Opinion

How Tennessee incentivizes abortions

We need legislation that protects pregnancy and mothers, not just unborn infants

August has witnessed a bombardment of bad news for America's most vulnerable mothers and babies.

First, lawyers for the Equal Employment Opportunity Commission released a breakdown of the pregnancy discrimination cases they handled in 2013 — and the big finding was quite distressing. Women in low-income jobs — like food service, retail, and manufacturing — are the most likely to seek help dealing with pregnancy discrimination in the workplace, they found. That's especially alarming when you consider that low-income workers tend to need their work the most, a reality made more grave by pregnancy.

Second, there's already been an arrest in Tennessee under a new law that turns newborns addicted to or harmed by drugs during pregnancy into evidence in their moms' prosecution for assault. Despite the fact that there is little evidence to support the idea that such a measure would dissuade drug use during pregnancies, the law passed with overwhelming support from the Tennessee legislature.

What these two scenarios — the absence of solid labor protections for pregnant workers and the Tennessee punitive legislation — have in common is that they both unintentionally form push factors that make abortion an attractive option.

If fair accommodations for pregnant workers are not legally guaranteed, then women have a great deal to lose from pushing employers to provide them. When a low-income pregnant worker loses her job, she very suddenly loses access to any number of supports, chief among them insurance and income. Faced with these repercussions, it is not hard to imagine how abortion begins to look better than carrying a child to term with no way to care for it.

The same abortion-incentivizing result can be found in Tennessee's law. The possibility of imprisonment for giving birth to a drug-addicted baby basically encourages women in dire straits to pursue abortion instead of carrying their babies to term.
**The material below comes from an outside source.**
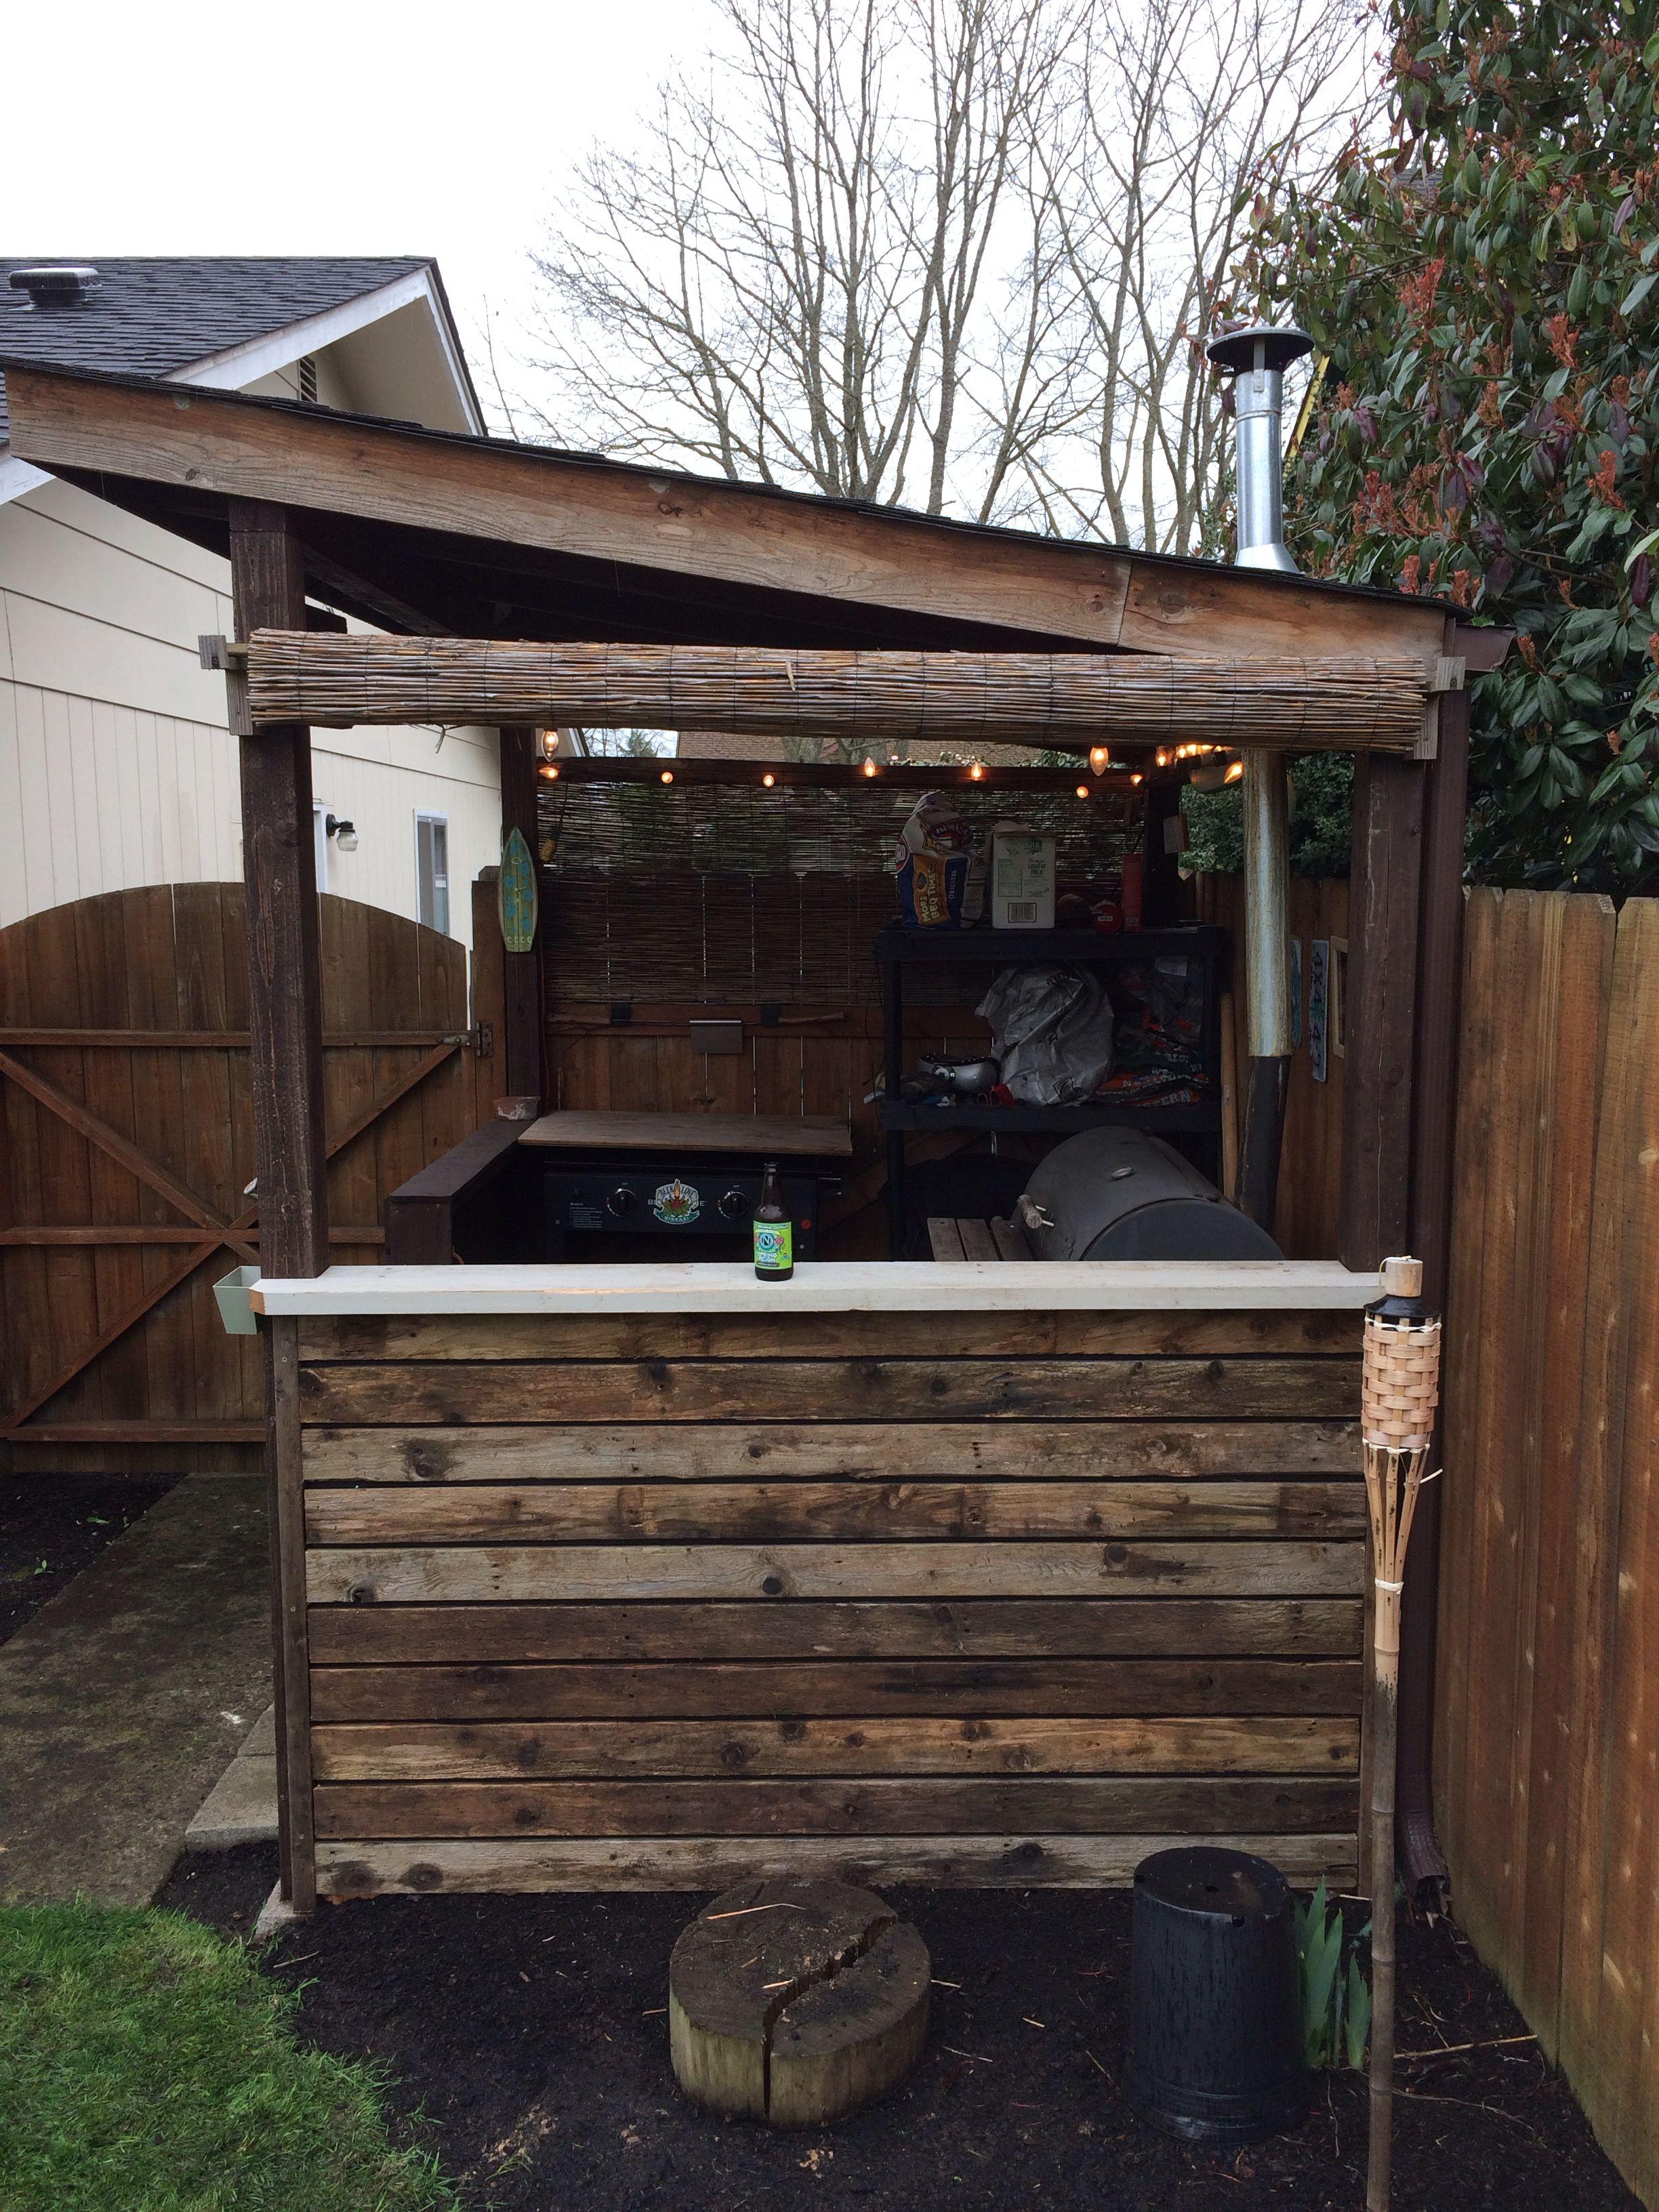 Fine Woodworking Supplies Bbq Shed Outdoor Outdoor Kitchen Sink

If ultrasounds are imagined to be a substantial enough nudge to put women off of abortion, then surely the prospect of jail time — or poverty and lost insurance — is substantial enough to do the opposite.

And that's the problem with current thinking about abortion: A culture of life — one that is truly hospitable not only to the birth of children, but to pregnancy, motherhood, and family life — must be outfitted with legislation that protects pregnancy and mothers as strenuously as it does infants.

Our policy regarding abortion cannot rest on punishment; each mother that is thrown in prison represents one child bereft of a natural parent, a circumstance antithetical to the purpose of a culture of life. Instead of threatening to imprison pregnant women who use drugs, it would be wiser to provide free and reliably accessible health care to treat addiction and the problems that give rise to it. Likewise, rather than presuming companies produce family-friendly cultures on their own, legislation protecting the rights of pregnant workers seems an intelligent investment in moms and their infants.

When Pope Francis remarks on abortion, he often speaks of a "throwaway culture" that "wastes" human life. I believe this to be an equally accurate assessment of the social circumstances that turn abortion into a grim but ordinary reality. It's not only infants whose lives are thrown away by cultures that provide insufficient support for pregnancy and childbearing, but mothers' and would-be mothers' lives as well. A culture of life that prevents the throwaway tendencies Pope Francis rightly condemns should recognize that the relationship between mother, infant, community, work, and care is a thick and irresolvable one. To support infants, we must support mothers in all their capacities, from healthcare to work to child-raising itself.